The strategy is to calculate the mean for each interval for all days, and replace the NA with such mean for that particular interval.
# clone original data frame activity and store it in 'impute' variable
imputed <- activity
# create new column 'mean' obtained from ts dataframe created in chunk code from previous question
imputed <- inner_join(x = imputed, y = ts, by = c('interval'='interval'))
# assign meansteps value to NA values in 'steps' column
imputed$steps <- ifelse(is.na(imputed$steps), imputed$meansteps, imputed$steps)

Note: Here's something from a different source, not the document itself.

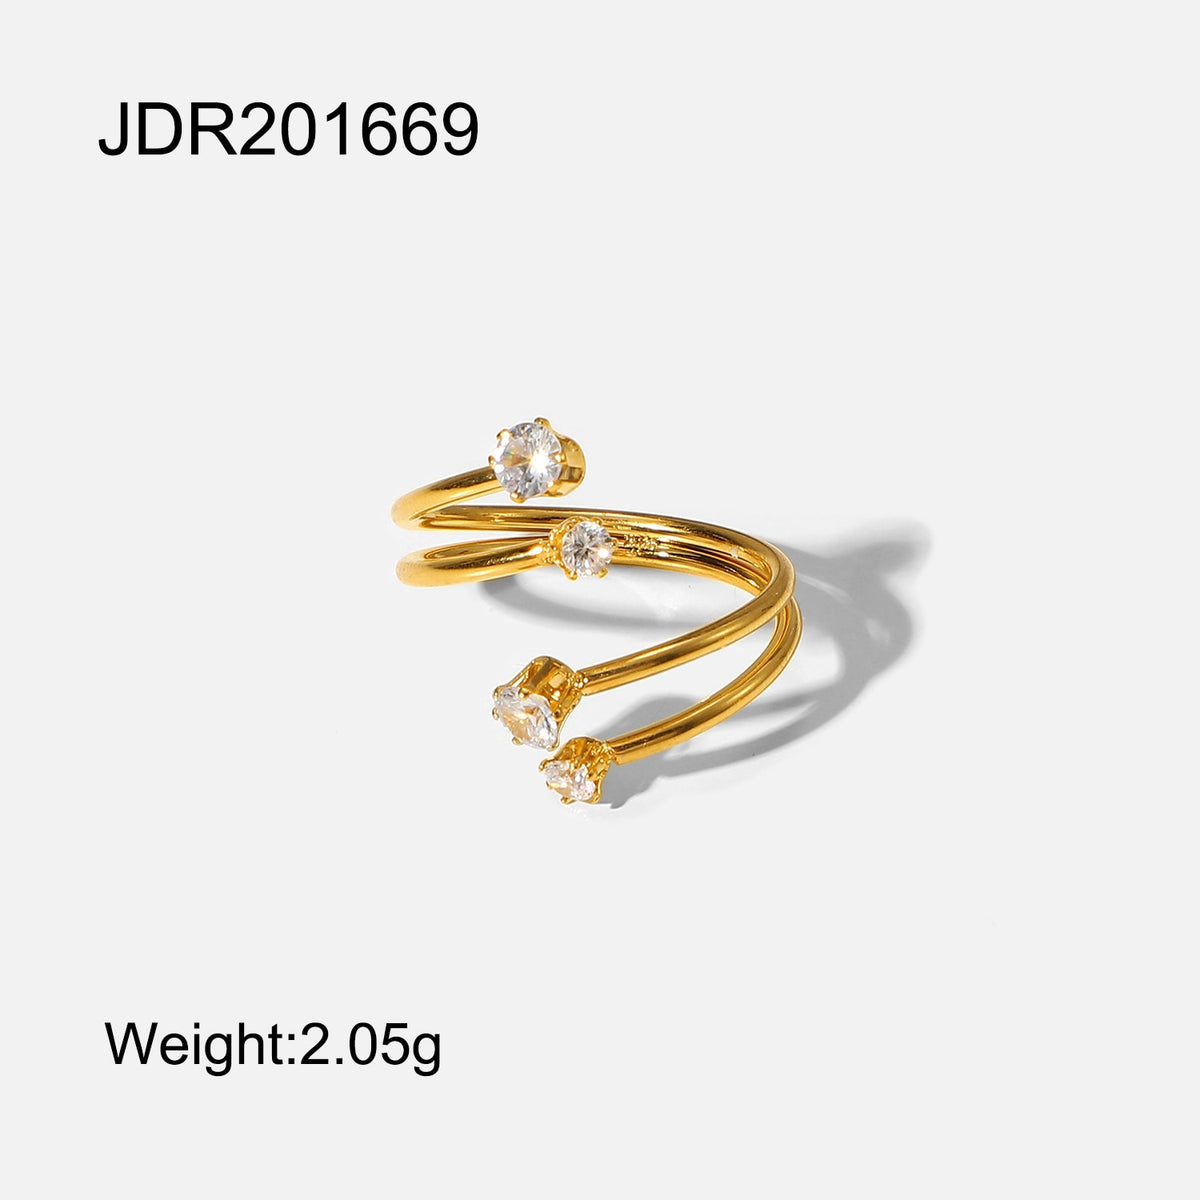 Offener Ring aus Edelstahl mit Mikro-Intarsien, Flash-Diamant, für Damen, Persönlichkeit, Zeigefinger, Party, Schmuck, Geschenk

# verify there are no NAs left
sum(is.na(imputed$steps))
## [1] 0
# print head of 'imputed' to show there are no NAs left
head(imputed)
## steps date interval meansteps
## 1 1.717 2012-10-01 0 1.717
## 2 0.340 2012-10-01 5 0.340
## 3 0.132 2012-10-01 10 0.132
## 4 0.151 2012-10-01 15 0.151
## 5 0.075 2012-10-01 20 0.075
## 6 2.094 2012-10-01 25 2.094
The strategy was implemented using the data frame ‘ts’ from previous question, since it already has the means for each interval for all days. It is then just a matter of joining the copy of original data frame, the data frame with means for each interval, and replacing each NA in ‘steps’ for the mean in column ‘meansteps’.
# Summarize IMPUTED data
imputedsteps <- imputed %>% group_by(date) %>% summarise(totalsteps=sum(steps, na.rm = T))
# Median and mean of IMPUTED data
meanimputedsteps <- mean(imputedsteps$totalsteps, na.rm = T)
medianimputedsteps <- median(imputedsteps$totalsteps, na.rm = T)
# Build plot
hist2 <- ggplot(aes(x=totalsteps), data=imputedsteps) +
geom_histogram(fill='blue', col='black', binwidth=800, show_guide=TRUE) +
geom_vline(data=imputedsteps, aes(xintercept=meanimputedsteps), color='red') +
geom_vline(data=imputedsteps, aes(xintercept=medianimputedsteps), color='#009900') +
labs(x='Total steps measured each day (bin=800 steps)',
y='Number of days with X step count',
title='Frequency of total steps measured each day') +
annotate('text', label=paste('Mean=',round(meanimputedsteps,2)), x=meanimputedsteps - 7000, y=10, color='red') +
annotate('text', label=paste('Median=',round(medianimputedsteps,2)), x=medianimputedsteps + 7000, y=10, color='#009900')
# Plot
grid.arrange(hist1,hist2, ncol=2, main='Comparison of histograms for original data (left) and imputed data (right)')
These are the interesting observations of both imputed and original data and their plots, given the imputing strategy devised:
# Add column weekday to original data, with weekday=0 and weekend=1
activity$weekday <- ifelse(wday(activity$date) %in% c(1,7), 0,1)
# group by interval and summarise with mean.
differences <- summarise(group_by(activity, weekday, interval), meansteps=mean(steps, na.rm=T))
head(filter(activity, weekday==0))
## steps date interval weekday
## 1 0 2012-10-06 0 0
## 2 0 2012-10-06 5 0
## 3 0 2012-10-06 10 0
## 4 0 2012-10-06 15 0
## 5 0 2012-10-06 20 0
## 6 0 2012-10-06 25 0
ggplot(differences, aes(x=interval, y=meansteps, group=weekday, color=factor(weekday))) +
geom_line() +
geom_smooth(method="lm", se=FALSE, lty=2, lwd=1) +
scale_color_discrete(name="Weekday",
labels=c("Weekend", "Weekday")) +
facet_wrap(~weekday, nrow=1, ncol=2)
This comparison was constructed by taking the mean steps for all weekdays and weekends grouped by interval of the original data (not the imputed one) and following the notion of weekday and weekend activity of a hypothetical human throughout the day.
From the regression lines in the chart it is clear that during weekdays human activity almost stays flat, and that on weekends it increases substantially, even though the maximum number of steps are still taken at around 8:30 during weekdays. This could be explained by sedentarism in the workplace during weekdays, and increased outdoor activity during weekends, but a deeper analysis and further data gathering (like consumption patterns and geographical data) should be done before jumping to this conclusion.
This concludes the small analysis for the 1st Peer-assessed course project for the ‘Reproducible Research’ MOOC.